--- SUPPLIED INFORMATION ---
******
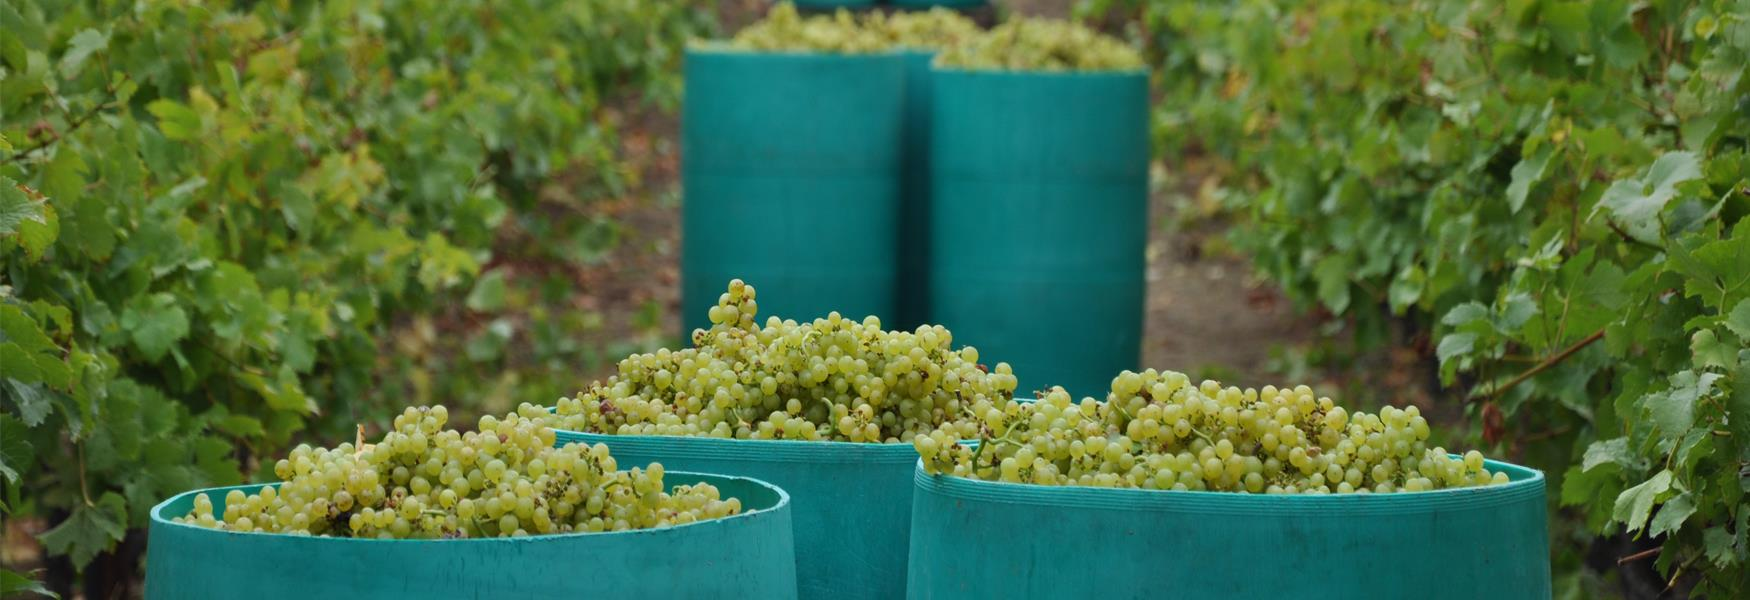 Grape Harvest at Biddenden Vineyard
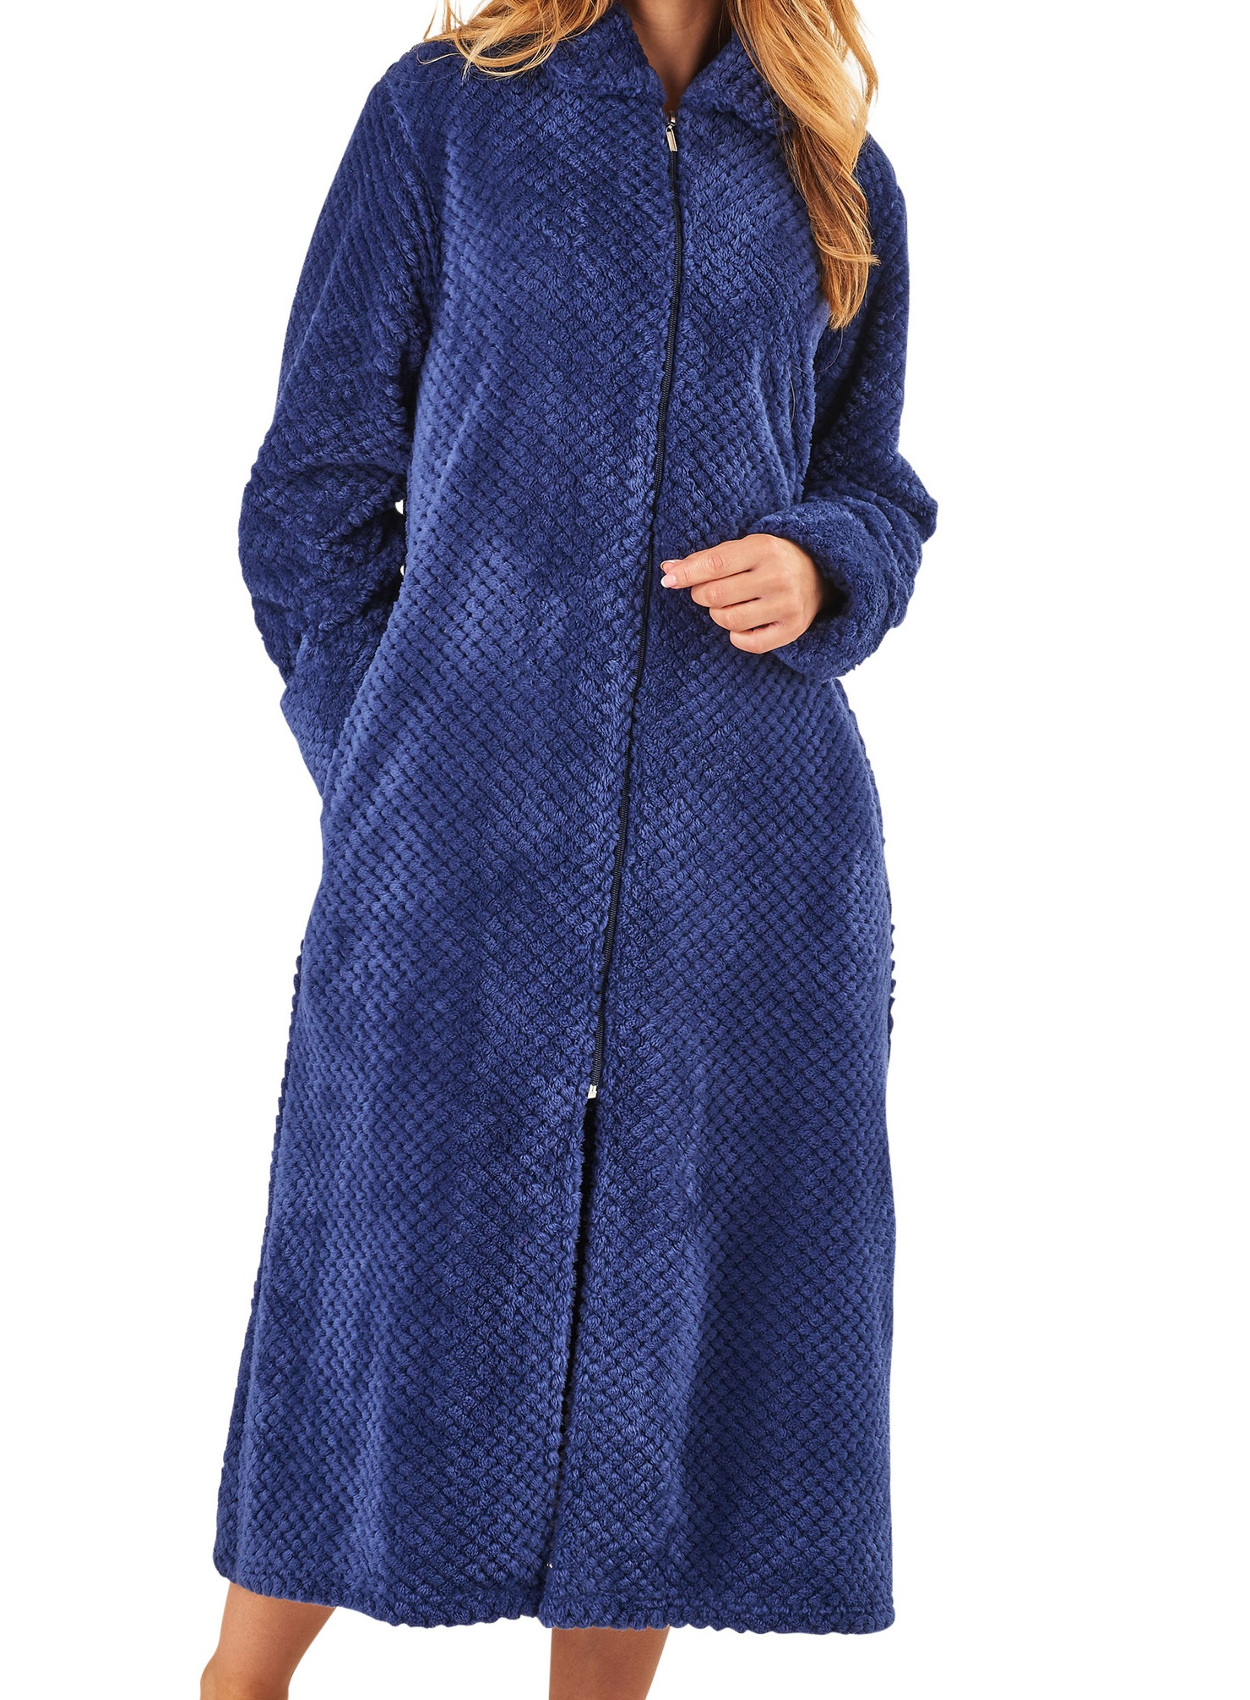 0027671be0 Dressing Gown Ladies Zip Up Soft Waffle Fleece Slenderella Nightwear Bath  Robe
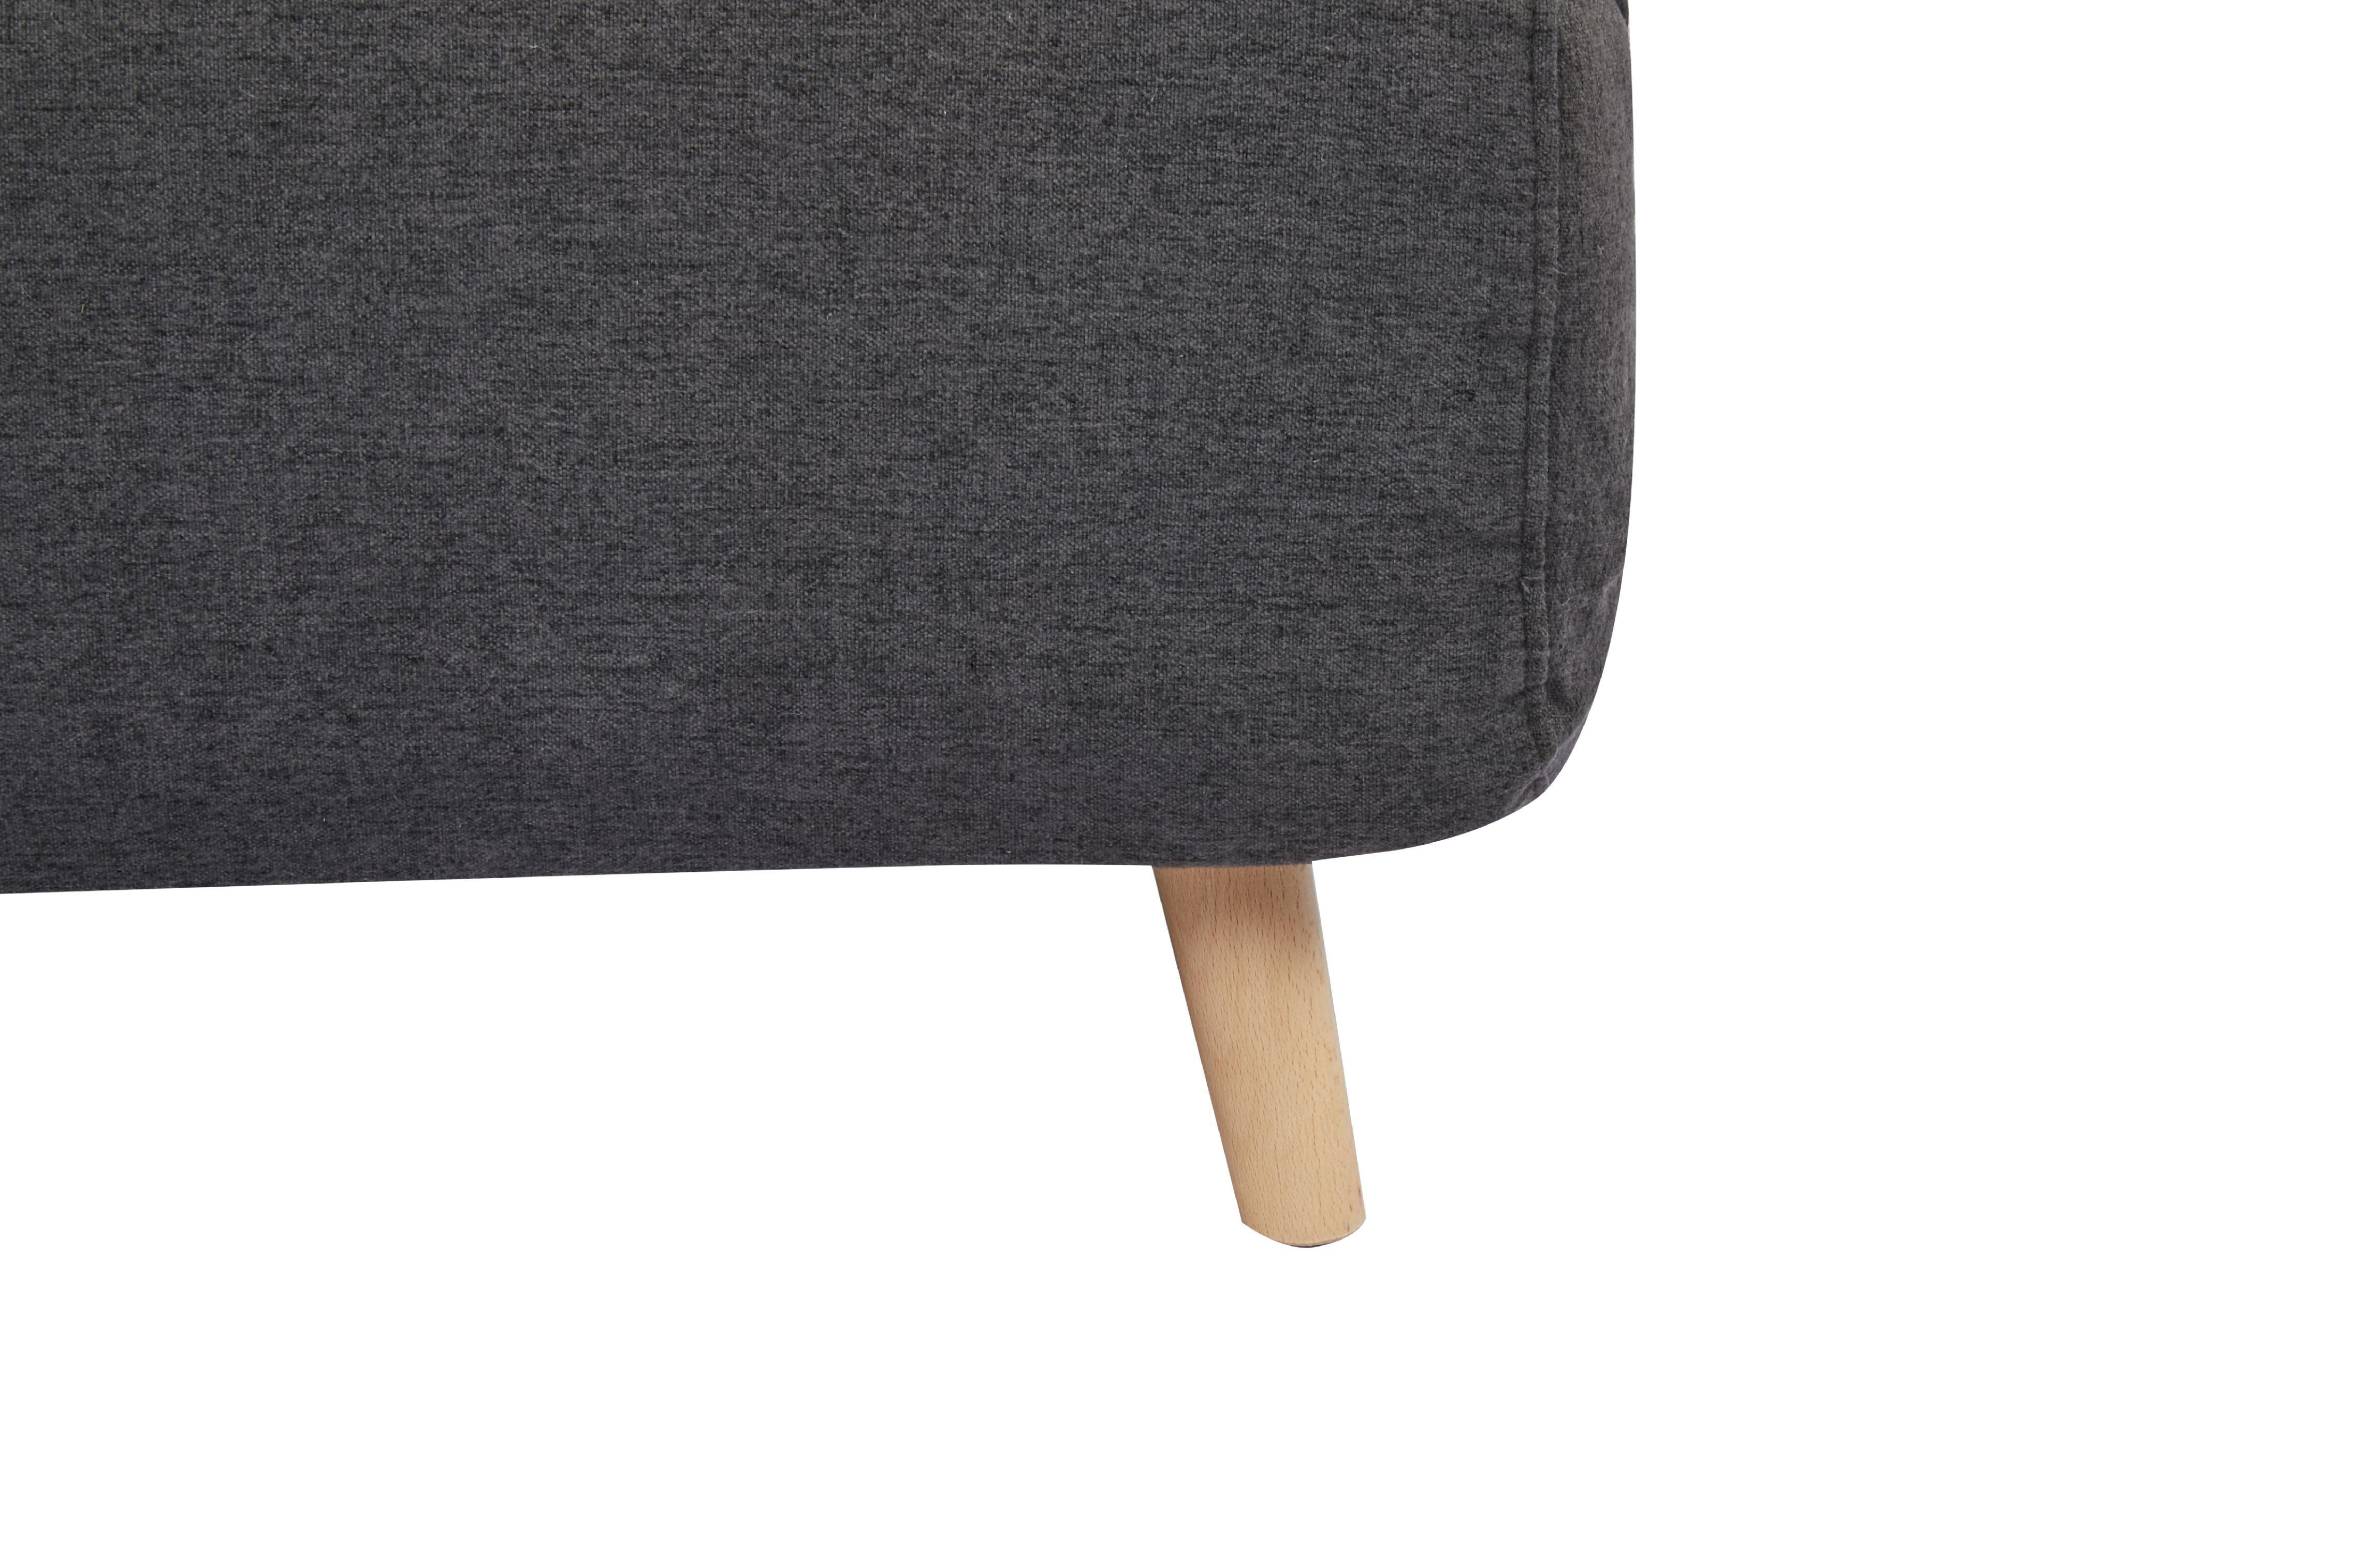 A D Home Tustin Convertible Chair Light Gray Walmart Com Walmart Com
******
--- AIM OF THE TASK ---
The response should restate the material above word for word and contain no pictures.

--- RESPONSE AREA ---
 Grape Harvest at Biddenden Vineyard
 0027671be0 Dressing Gown Ladies Zip Up Soft Waffle Fleece Slenderella Nightwear Bath  Robe
 A D Home Tustin Convertible Chair Light Gray Walmart Com Walmart Com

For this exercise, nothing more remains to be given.